Então os protestos continuam, e duas vezes por semana Fatima Soukat, uma parente de Saida Soukat, pega um táxi para se juntar à manifestação. Fatima Soukat não tem certeza de qual é a sua idade, mas ela acredita que tenha em torno de 93 anos.

Ela nasceu quando o Marrocos era governado pela França, celebrou quando o país conquistou a independência em 1956 e comemorou quando as mulheres ganharam direitos significativos com o novo código de família em 2004.

Quando muitos foram às ruas em manifestações pró-democracia em 2011, ela se juntou a eles. E hoje ainda está lutando pelo direito à terra onde ela nasceu e criou oito filhos.

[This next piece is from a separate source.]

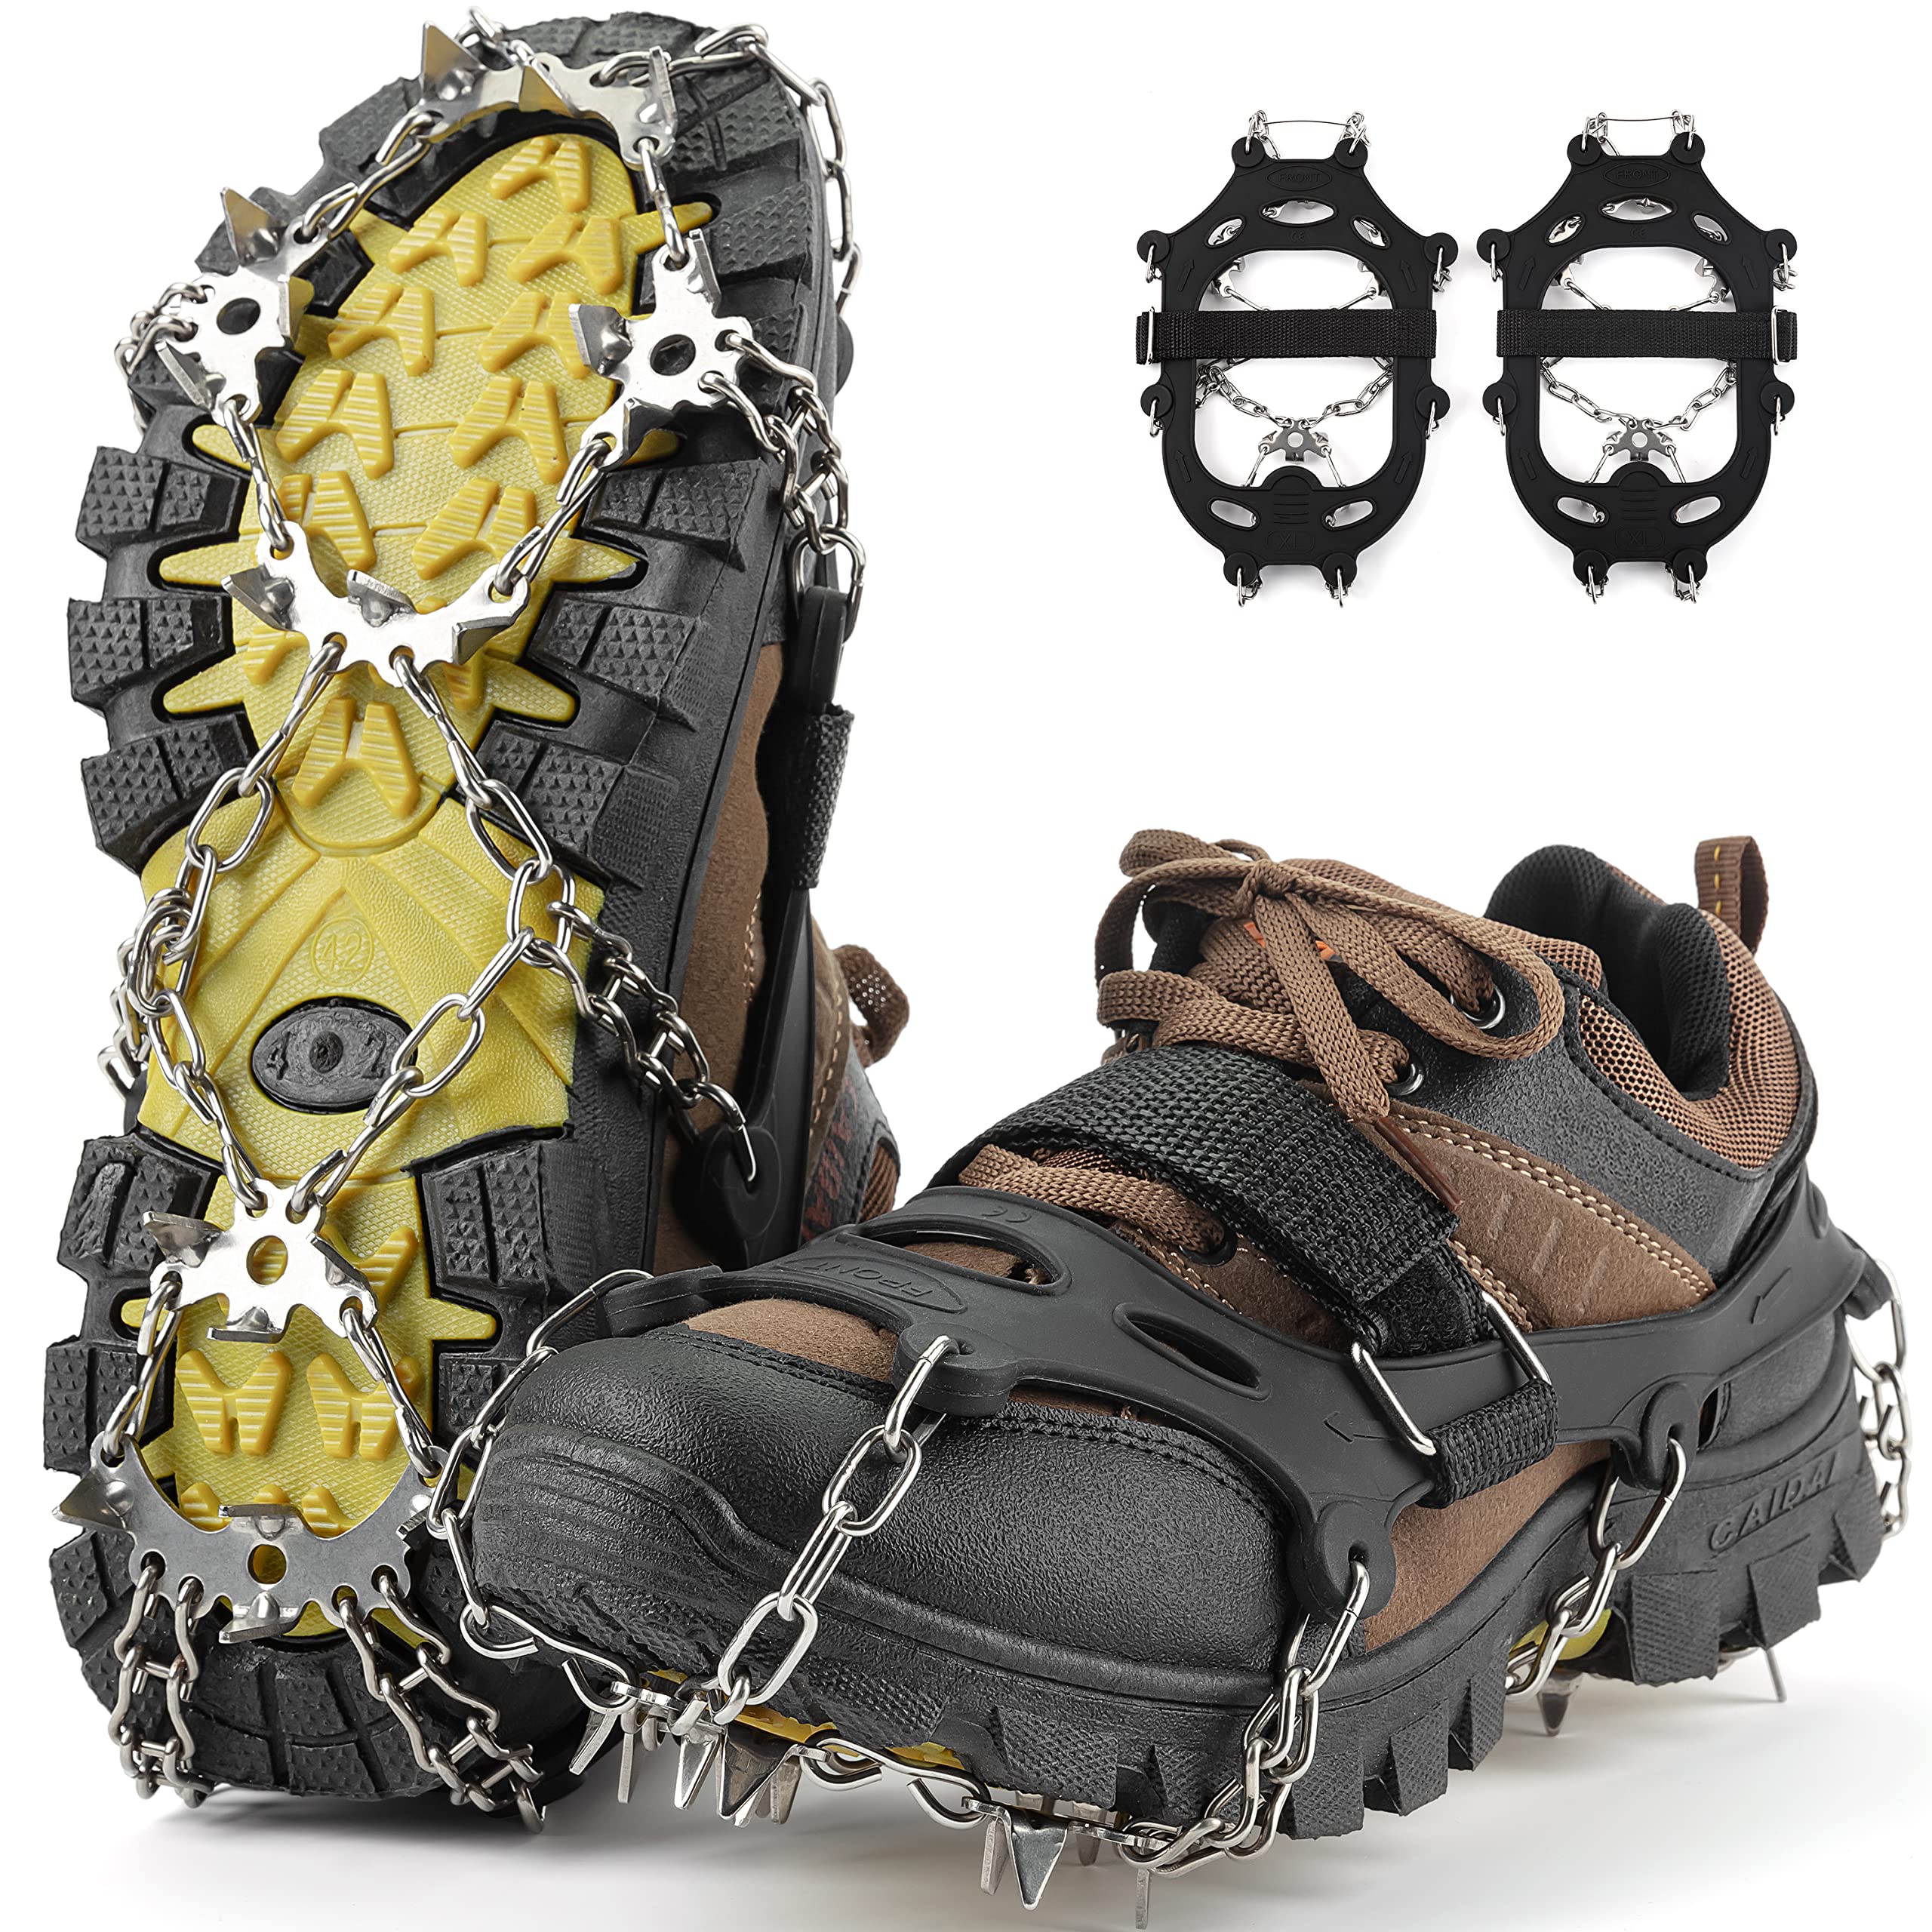 ROCKRAIN Ice Cleats Crampons Snow Traction 19 Stainless Steel Spikes for Winter  Walking Hiking Climbing Fishing

"Eu exijo a terra de meus avós", ela disse em uma manifestação ocorrida recentemente. "Somos espancadas. Somos oprimidas".

Saida Soukat disse ter enfrentando ameaças e intimidação por seu papel no movimento. Em fevereiro, ela foi violentamente espancada por um homem enquanto andava sozinha em uma estrada. Mas ela diz que sua maior preocupação é que ela e sua família sejam obrigadas a deixar a terra e sua casa.

"Tenho medo por meus filhos, mas não por mim mesma", ela disse, sentada em sua sala de estar e tomando um chá de hortelã abaixo de uma foto dos três últimos reis marroquinos. "A única coisa que me dá medo é que a Justiça determine nosso despejo. Perco o sono à noite por causa disso".